Shock absorbers used in bicycles, the front fork shock absorbers as disclosed in TWM602994, TWM536300, CN209067742U, TWI413601, U.S. Ser. No. 10/668,975B2 and U.S. Ser. No. 10/337,584B2 show the several types of front fork shock absorbers with individually or in a combination of air pressure, oil pressure, and/or spring, etc.

The damping effect of the above shock absorbers is adjusted according to the rider, the type of bicycle (such as single shock absorber or double shock absorbers), and the road conditions (country roads, industrial roads, or forest roads). It is trouble to operate, and even requires additional tools for adjustment. Accordingly, it is not simple and easy to adjust for ordinary cyclists. During non-competition, cyclists do not frequently adjust the fine-tuning of the front fork damping, so that the shock absorber with adjustment function or the above-mentioned patented products are not able to perform at its maximum effectiveness.

SUMMARY OF THE DISCLOSURE

The present disclosure is a bicycle automatic shock absorbing device, which includes a shock absorbing battery, a control chip, a sensor, and a driving module installed in a shock absorber; wherein the shock absorbing battery is electrically connected to the control chip, the sensor and the driving module correspondingly; wherein the control chip signally connected to the sensor and the driving module correspondingly. Further, when the control chip operates an automatic shock absorbing mode, the sensor detects the shock impact and transmits a signal to the control chip, and the control chip transmits an adjustment signal to the driving module, so that the driving module changes the damping response of the shock absorber.

For example, the above-mentioned shock absorber refers to the front fork of a bicycle.

When the bicycle automatic shock absorbing device of the present disclosure operates, the control chip executes the automatic shock absorbing mode, the shock impact during riding is detected through the sensor and transmitted a detection signal to the control chip, and the control chip transmits the adjustment signal to the driving module, so that the driving module changes the damping response of the shock absorber instantly. Therefore, the condition can be detected by the sensor and transmitted to the control chip while riding, and the control chip determines the riding process and transmits the control signal to the driving module to instantly change the damping effect of the shock absorber and meet the road conditions. Accordingly, the damping response performance of the shock absorber can be automatically adjusted according to the road conditions.

BRIEF DESCRIPTION OF THE DRAWINGS

The described embodiments may be better understood by reference to the following description and the accompanying drawings in which:

FIG. 1 is a block schematic diagram of the present disclosure.
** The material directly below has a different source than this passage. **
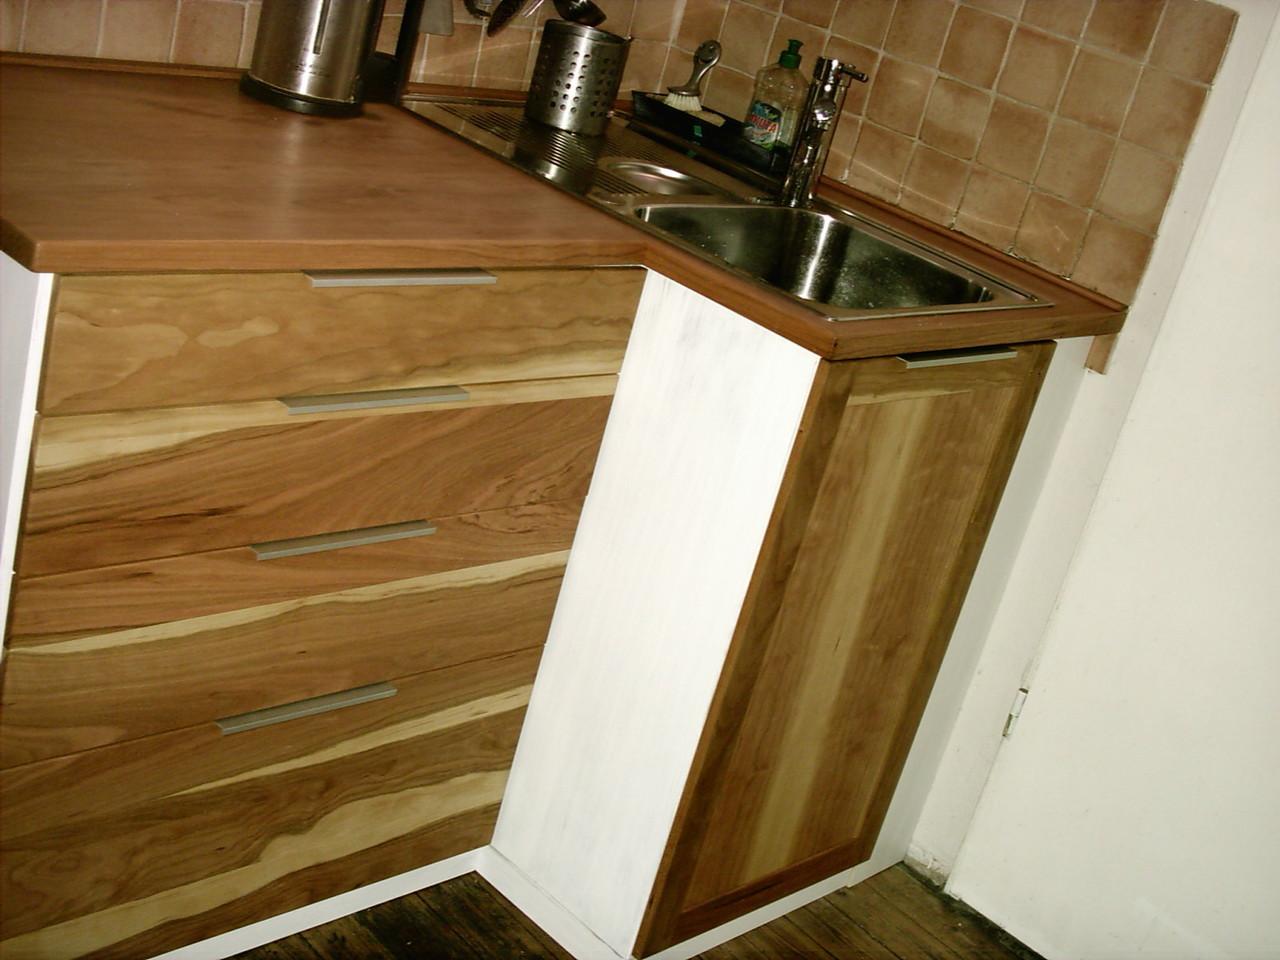 Küchenblock, Kirschholz und weiss lackiertes Birkenholz kombiniert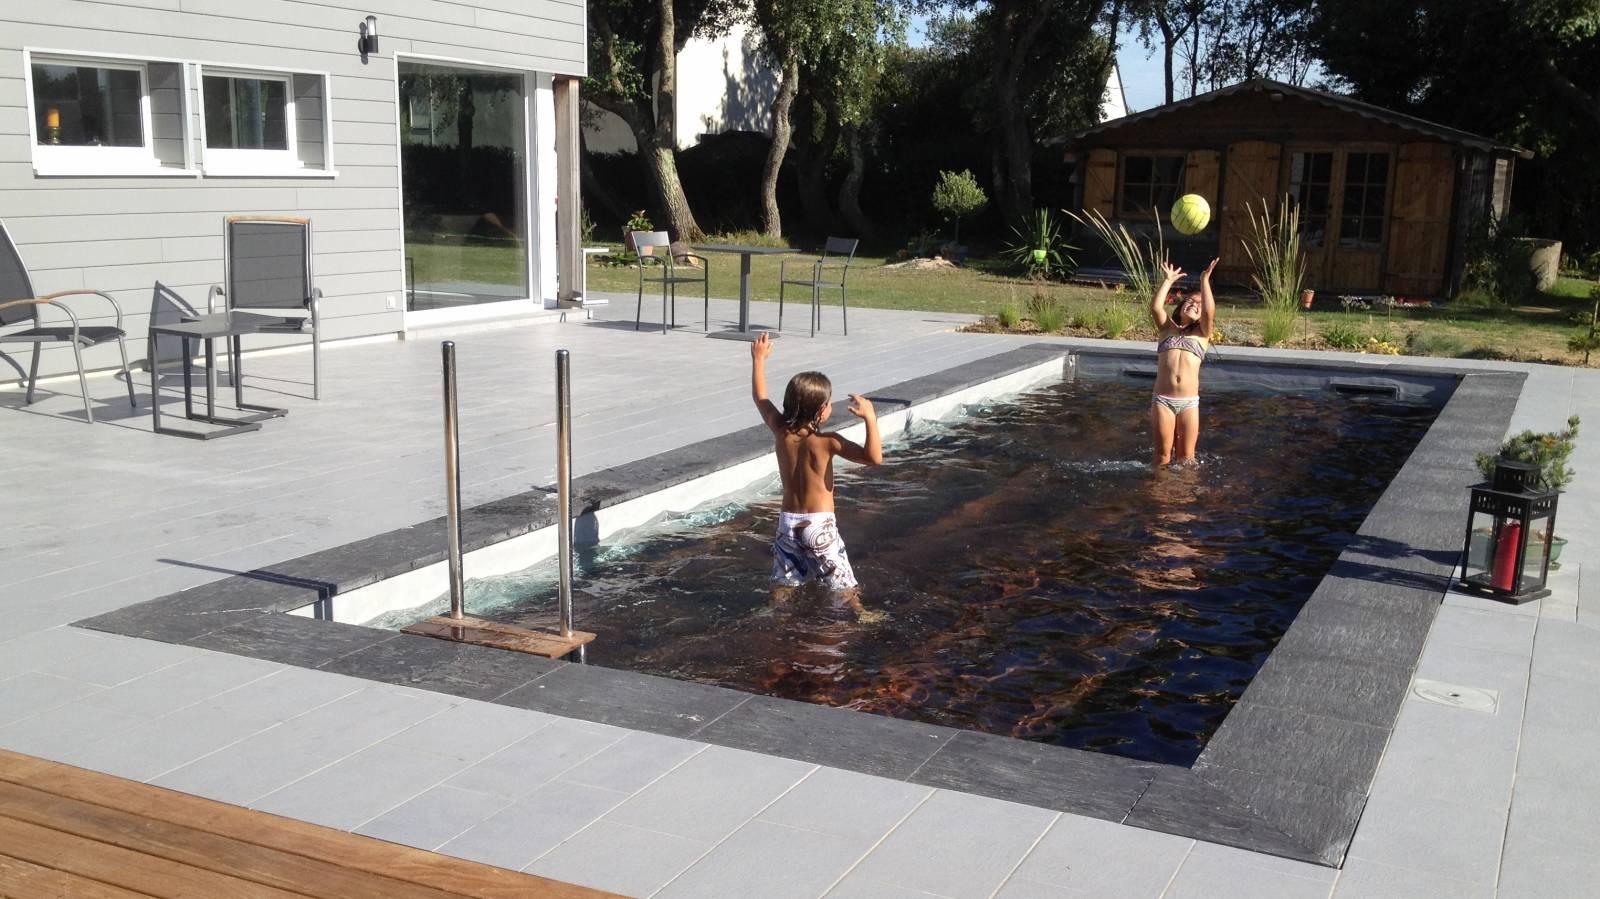 Fabricant de piscine fond mobile amphibia for Fabricant de piscine

FIG. 2 is a schematic perspective view of the bicycle automatic shock absorbing device of the present disclosure applied to bicycle front fork.

FIG. 3 is a sectional schematic view of FIG. 2, in which the front fork is locked.

FIG. 4 is a partial enlarged schematic view of A in FIG. 3.

FIG. 5 is a partial enlarged schematic view of B in FIG. 3, wherein the end of the stem closes the flow channel (the hard shock absorbing mode).

FIG. 6 is a schematic view of the end of the stem near the flow channel (the balanced shock absorbing mode).

FIG. 7 is a schematic view of the end of the valve stem away from the flow channel (the soft shock absorbing mode).

FIG. 8 is a schematic view of the control chip including an automatic shock absorbing mode, a soft shock absorbing mode, a balanced shock absorbing mode, and a hard shock absorbing mode.

FIG. 9 is a schematic view of changing the damping effect of the shock absorber when the acceleration changes in the automatic shock absorbing mode of the present disclosure.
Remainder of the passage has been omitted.